With towering floats, thundering drum sections and gorgeous dancers in sparkling, barely-there outfits, each samba school will vie for the coveted title of carnival champions.
But beyond the glitter, carnival also raises pressing political and social issues.
Many of the parades this year will pay tribute to little-known heroes of black history or celebrate Brazil's African and Indigenous roots.
One famed school, Salgueiro, will tell the story of the Yanomami Indigenous people, who are suffering a humanitarian emergency blamed on illegal gold mining in the Amazon rainforest.
Their plight reached crisis level under far-right ex-president Jair Bolsonaro. But his successor, veteran leftist Luiz Inacio Lula da Silva, has struggled to reverse the unfolding tragedy.

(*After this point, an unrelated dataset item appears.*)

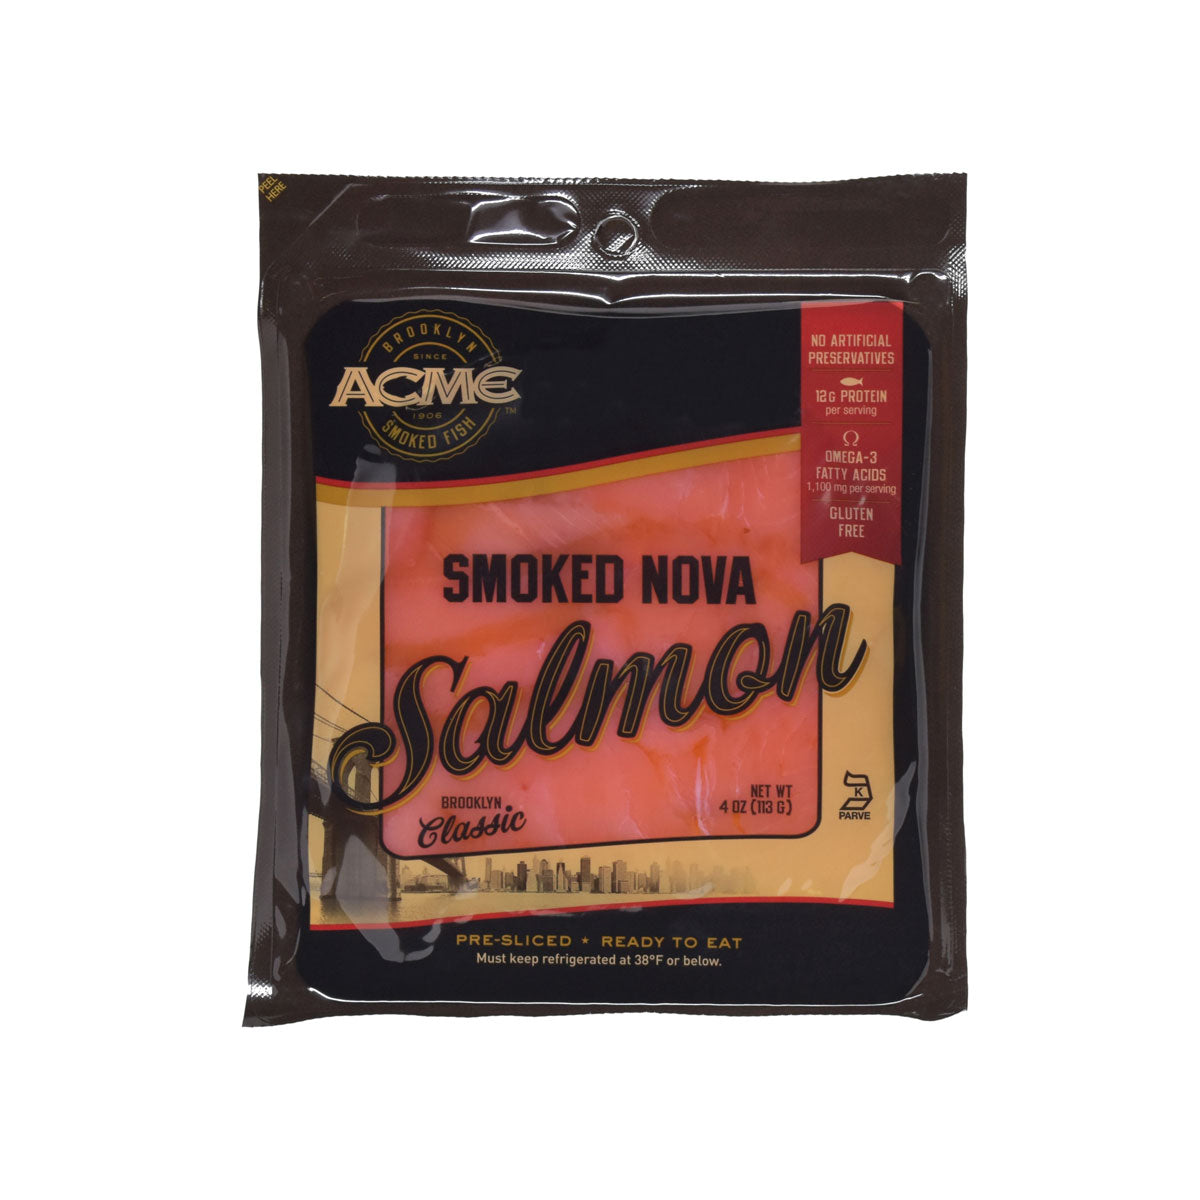 Acme Smoked Fish Nova Smoked Salmon 4 Oz Bag
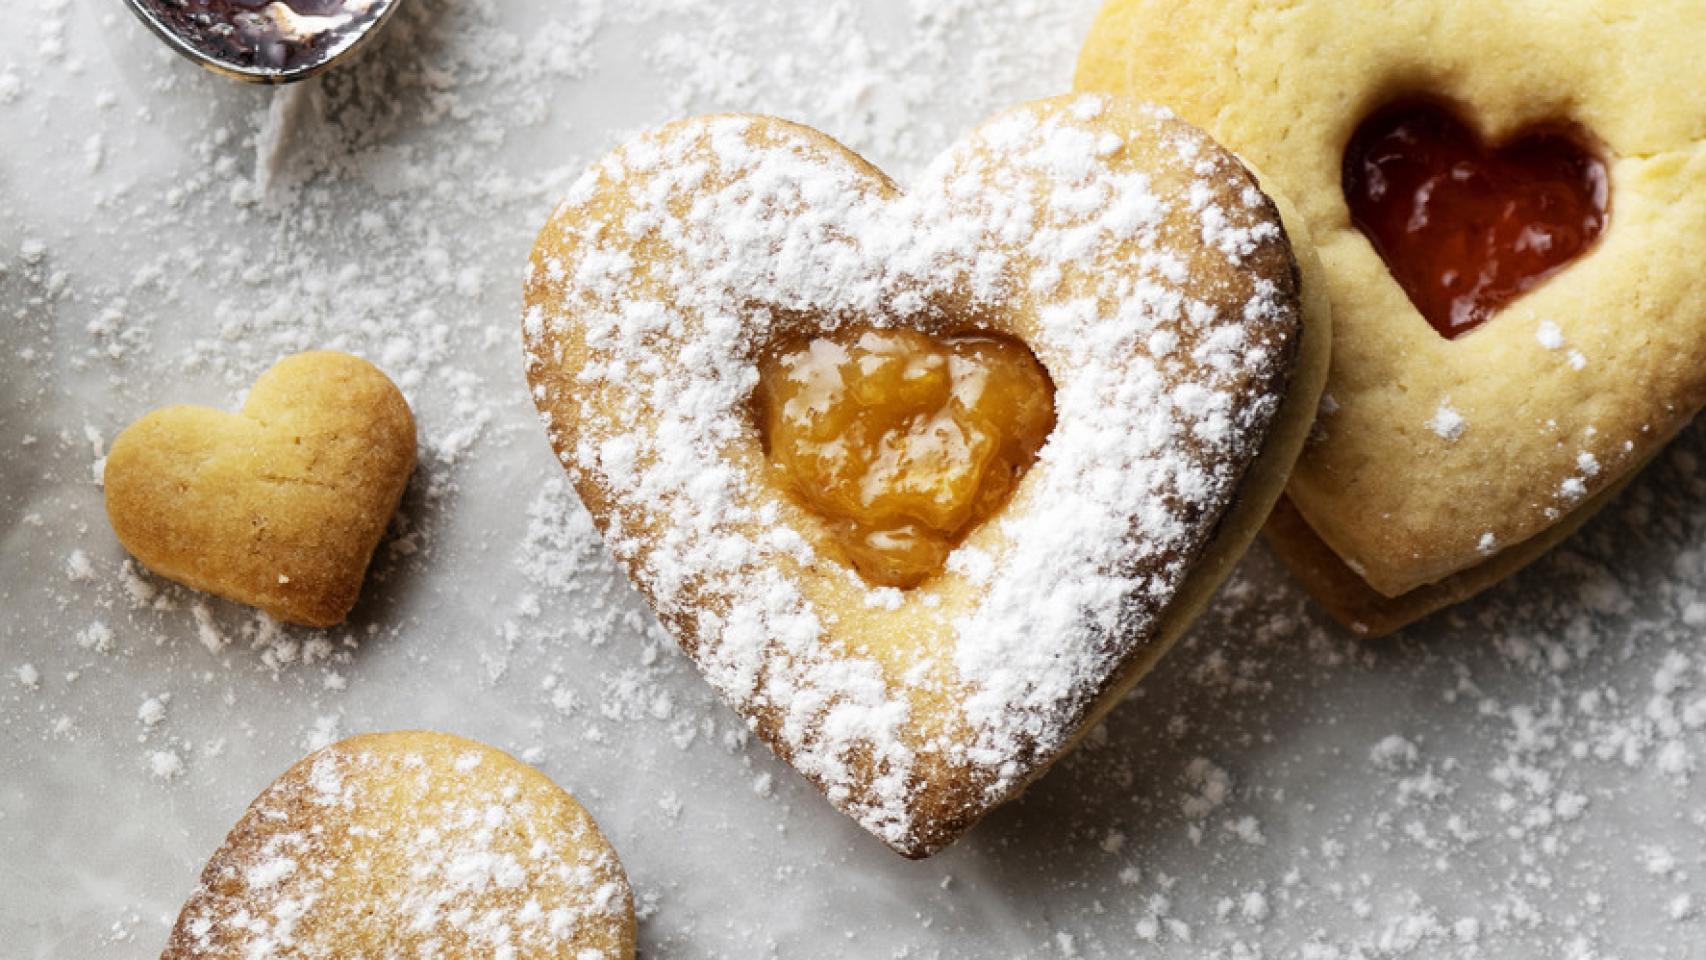 No son galletas y tampoco son pastas: el dulce que se hace en Oviedo y enamora a todos

"The samba school parades continue to be a place for Brazil to self-reflect," says anthropologist Mauro Cordeiro.
"Rio carnival is a space where we talk about Brazil's fundamental political and social issues."
Not that there isn't plenty of room for silliness and fun: the biggest hit single of the 2024 parades is a light-hearted samba singing the praises of the cashew fruit.
But carnival is also serious business.
The party, which is projected to bring in more than $1 billion in revenues this year, faces many of the same problems as Brazil at large.
With Rio suffering from violent crime, authorities have announced they will deploy thousands of police during carnival.
They are also facing an outbreak of mosquito-borne dengue fever, which has killed some 50 people. Rio declared a public-health emergency Monday, and organizers plan to distribute mosquito repellent at the Sambadrome.
None of that is expected to break the magic of carnival, or hold back the samba schools -- institutions rooted in poor neighborhoods that revel in putting Rio's marginalized masses at the center of attention for two nights.
One is the iconic Mangueira, named for the "favela," or slum, where it was born 96 years ago, a stone's throw from the famed Maracana football stadium.
This year, the pink and green-sporting school will pay tribute to samba star Alcione to mark the 50th year of her career.
The multi-platinum singer co-founded Mangueira's youth program 36 years ago.
"It's very moving, because Alcione had a huge impact on our lives," says Mangueira native Barbara Rachel, who came up in the youth program herself and is today its cultural director.
"Not just my life, but the lives of an entire generation," says the 30-year-old, whose students will strut their stuff in their own parade when Rio holds its children's carnival Tuesday.
The next generation is set to keep the tradition alive. As Alcione sings in one of her best-known songs, "Don't Let the Samba Die."